A certa altura, quando ainda morava no interior, sua esposa proibiu a entrada de vendedores de livros em sua casa. “Eu tinha que ver os livros na esquina, longe dos olhos dela”, lembra.

Quando veio a Curitiba teve que ir se desfazendo de uns tantos “com dor no coração”, pois a situação ficara insustentável. Hoje eles ainda ocupam mais de um cômodo da casa, além da biblioteca, contrariando a advertência contida no primeiro livro que leu na magistratura: “De regra, nossas casas e apartamentos já não tem lugar para bibliotecas, além disso, a grande biblioteca é um luxo caro e desnecessário” – A Voz da Toga, Eliézer Rosa.

Biblioteca Roberto Campos 

Entrar na sala Roberto Campos, da biblioteca da Universidade Positivo, é como invadir uma parte do universo particular de um dos maiores economistas que o Brasil já teve. Roberto Campos morreu em 2001 e deixou um acervo de mais de 8 mil obras com anotações e dedicatórias que podem ser consultadas pelo público.

Sua vasta coleção de livros foi disputada por várias instituições, sendo, ao final, adquirida pelo Grupo Positivo que não revela o valor pago. O acervo está aberto para consulta pela comunidade em geral, mas não pode ser emprestado.

Admirado pela inteligência e pelo conhecimento na área econômica, Campos foi ministro, embaixador e escritor. Em sua gestão nasceram o Banco Central, o FGTS, a caderneta de poupança. Implementou reformas, elaborou programas de governo, foi também senador, deputado e deixou uma série de outros legados.
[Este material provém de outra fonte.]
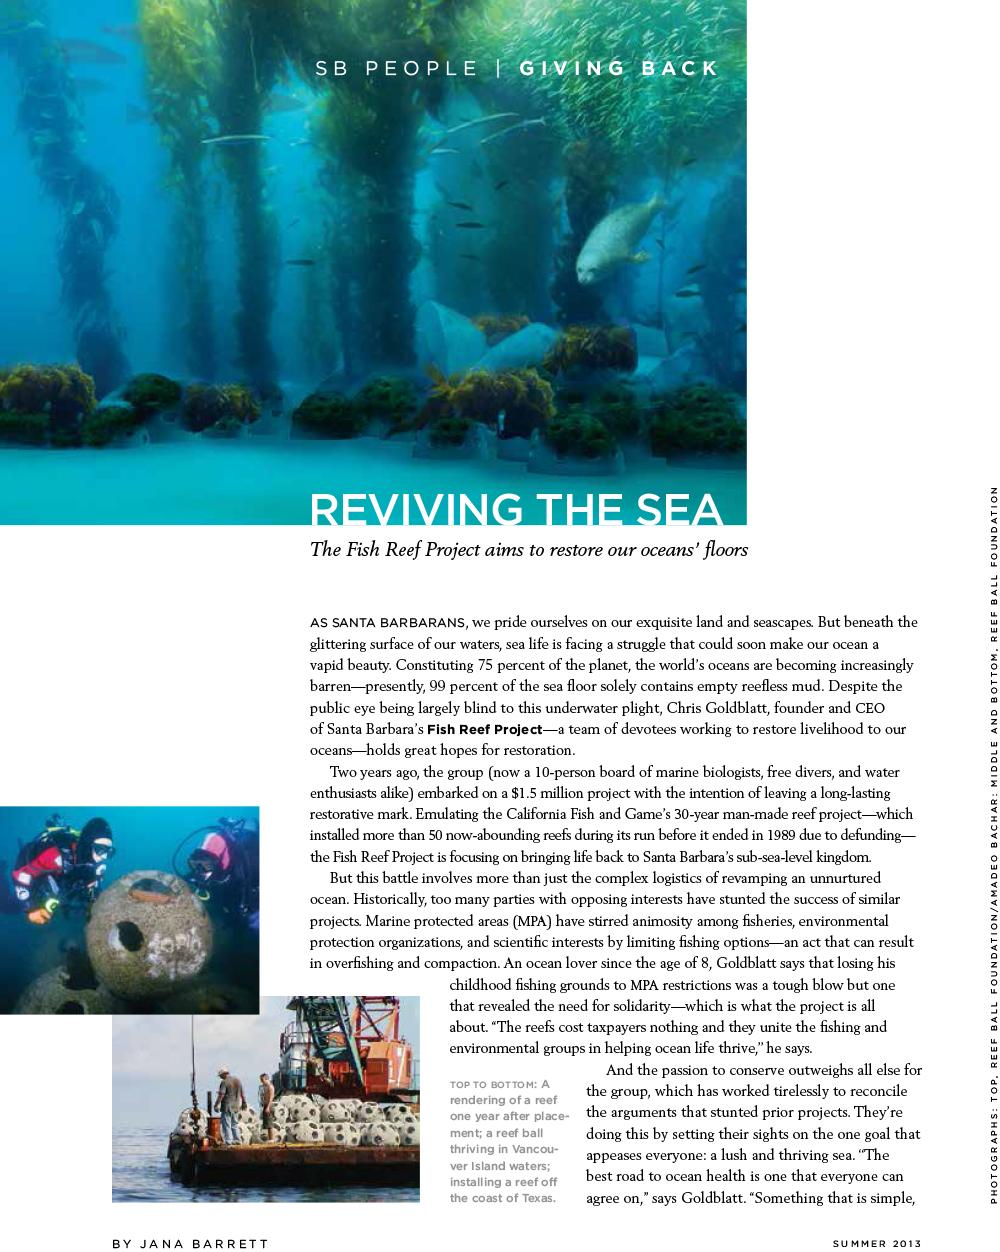 SB_magazine cover

Observando as prateleiras, descobrirá seu interesse pelos mais variados assuntos e grande inclinação pelas biografias. A quantidade de dicionários também impressiona. Um deles, o “Novo dicionário da língua portuguesa”, de Jânio Quadros, conserva a dedicatória do autor: “Ao embaixador Roberto Campos, mesmo sabendo que a obra lhe é supérflua”.

As obras de autoria de Campos também estão disponíveis no acervo. O economista Gustavo Franco foi um dos frequentadores assíduos do local, que serviu de fonte de pesquisa para o seu livro “A leis secretas da economia: revisitando Roberto Campos e as leis do Kafka”.